- YOUR OBJECTIVE
Word for word, retype the lines from the one containing "EntoMarket Logo" to the one containing "Agora é possível" below, keeping both end lines and dropping the pictures.

- THE DATA

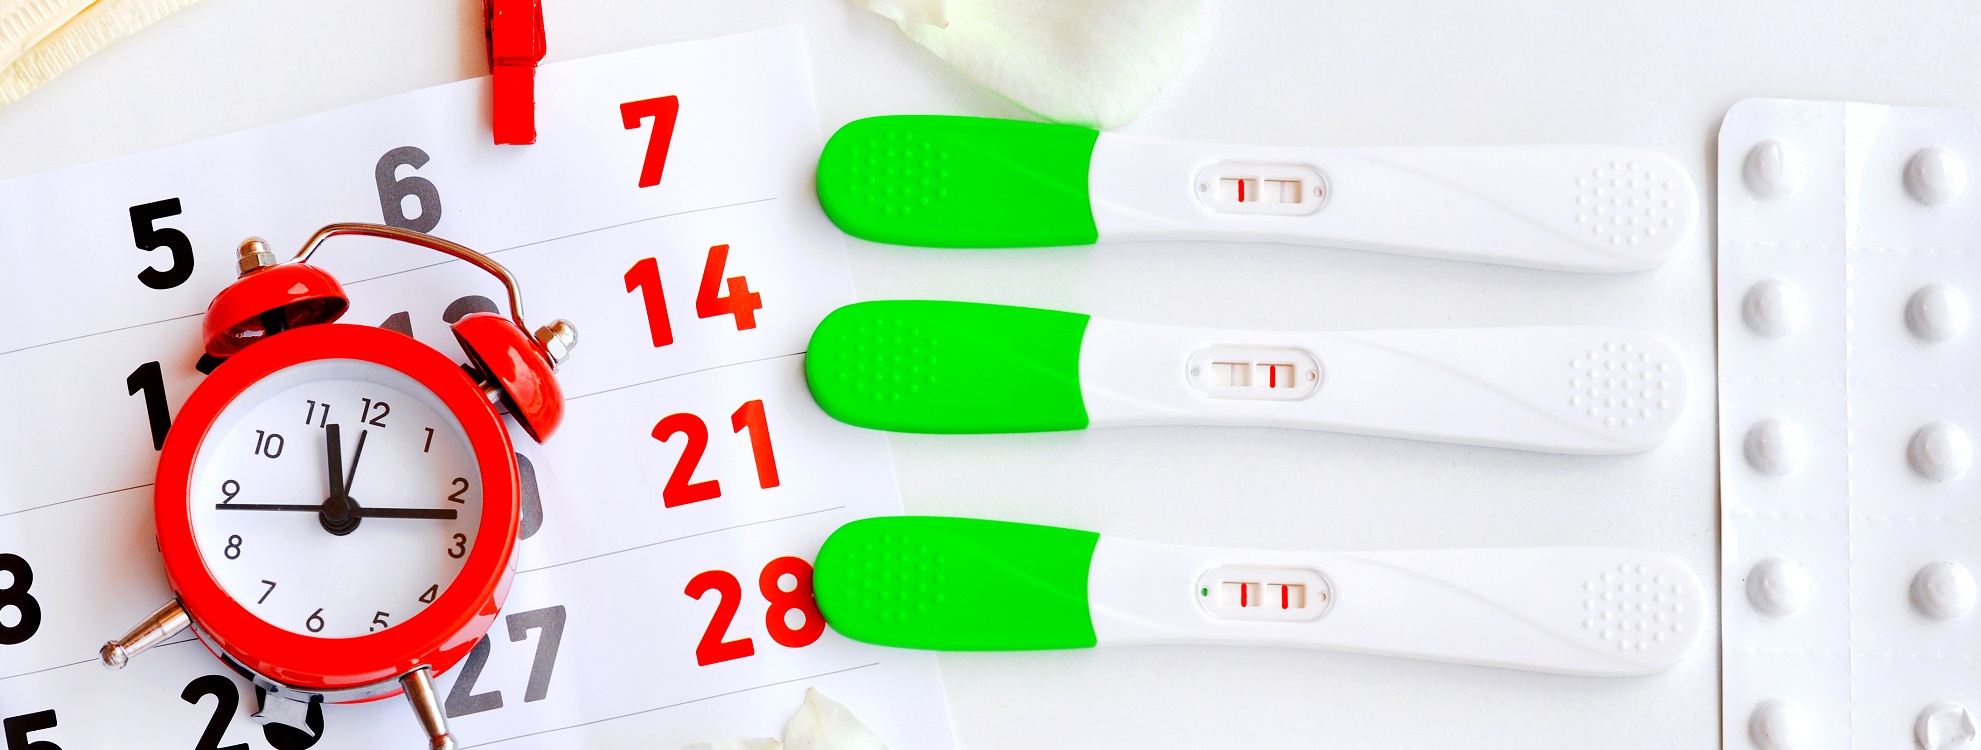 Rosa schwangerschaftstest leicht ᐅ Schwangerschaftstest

--

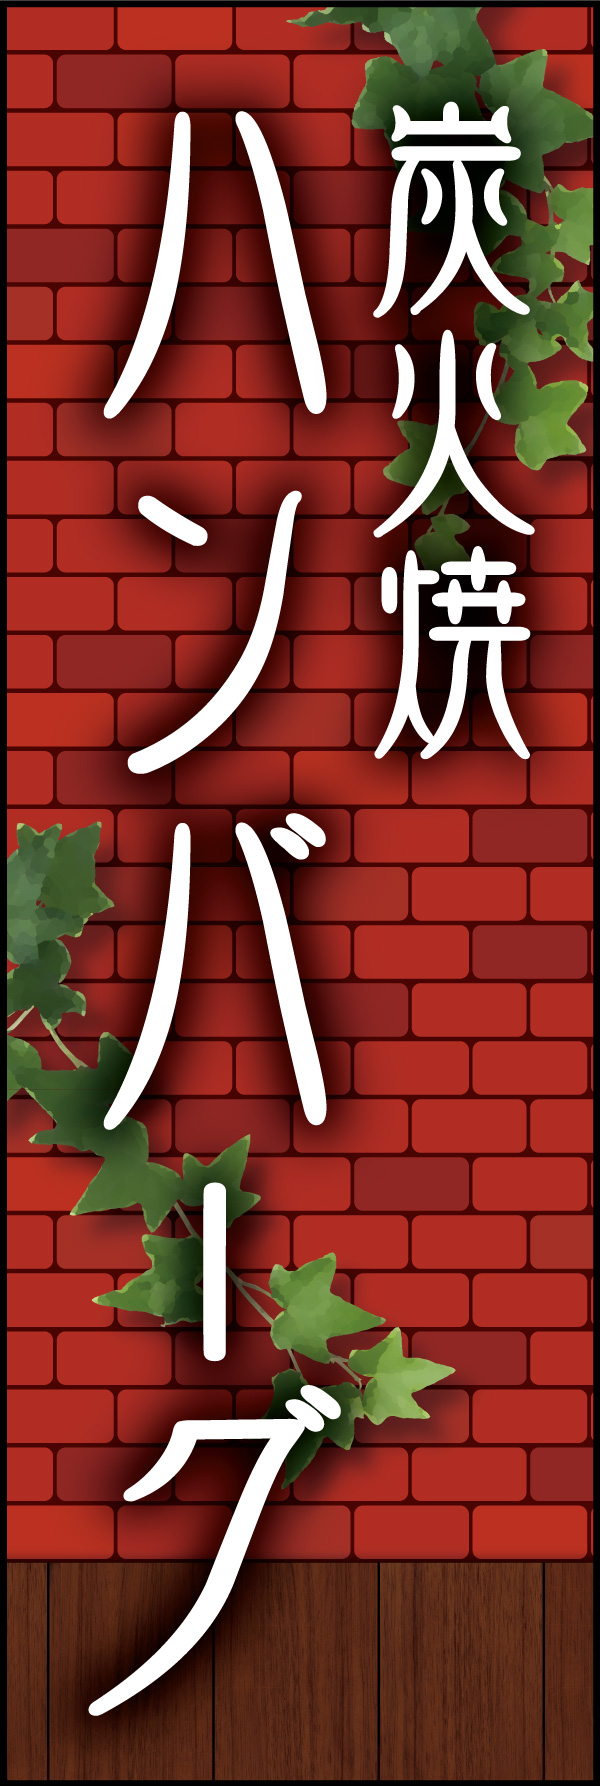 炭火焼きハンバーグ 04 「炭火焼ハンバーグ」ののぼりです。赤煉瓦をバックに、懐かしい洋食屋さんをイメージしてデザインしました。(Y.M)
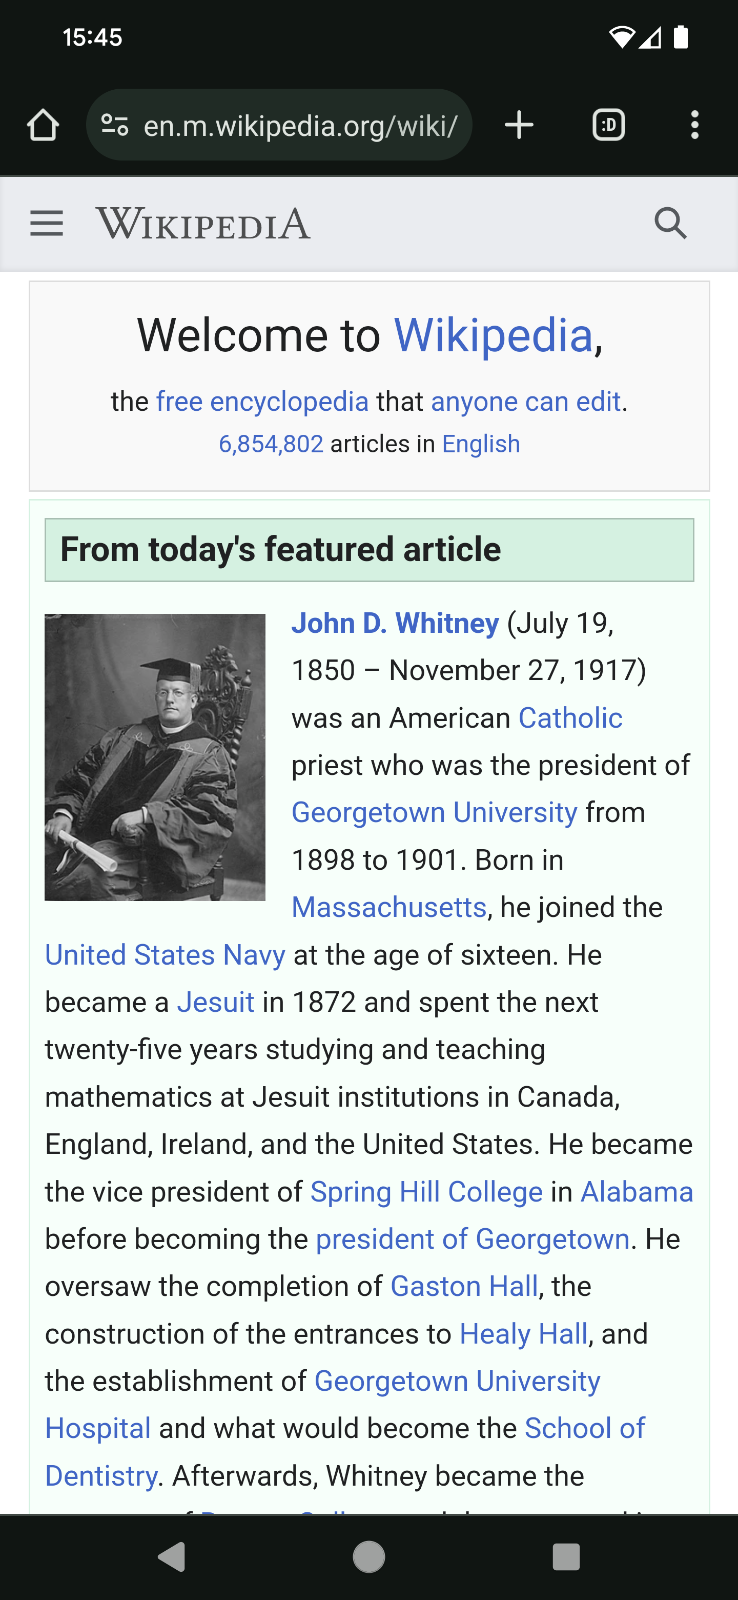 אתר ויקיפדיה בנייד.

==

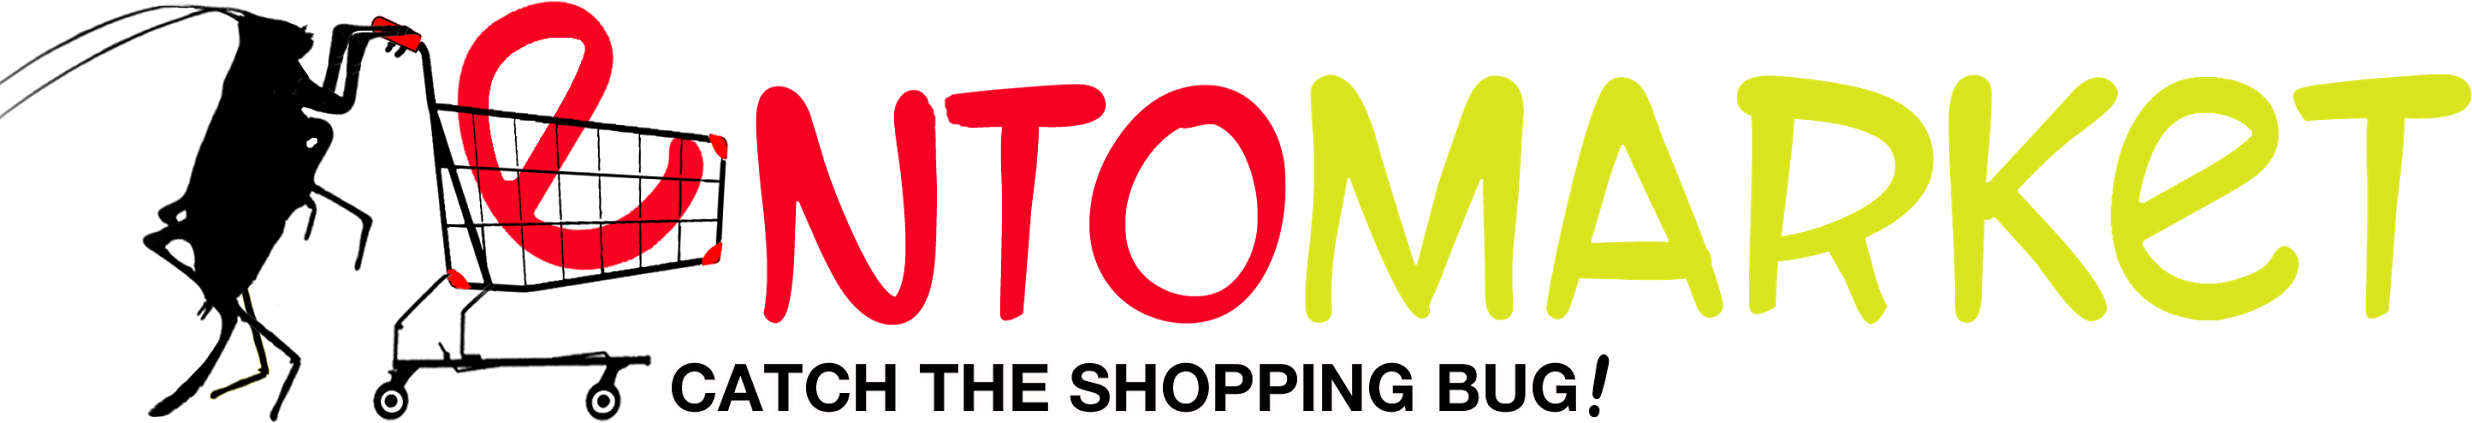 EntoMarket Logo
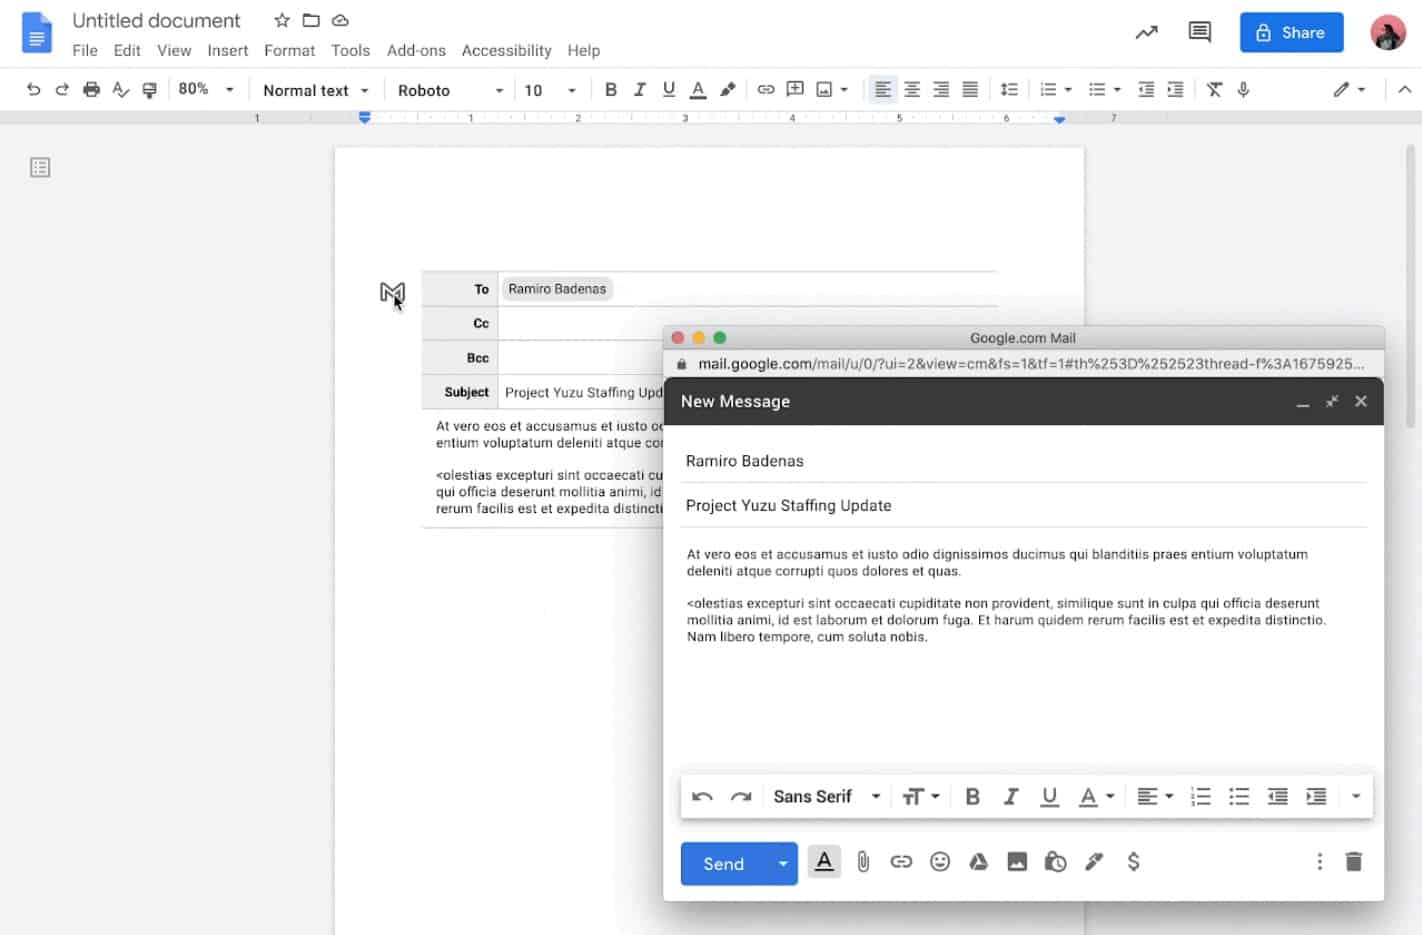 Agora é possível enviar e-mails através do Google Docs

- SOLUTION FOR THIS EXERCISE
 EntoMarket Logo
 Agora é possível enviar e-mails através do Google Docs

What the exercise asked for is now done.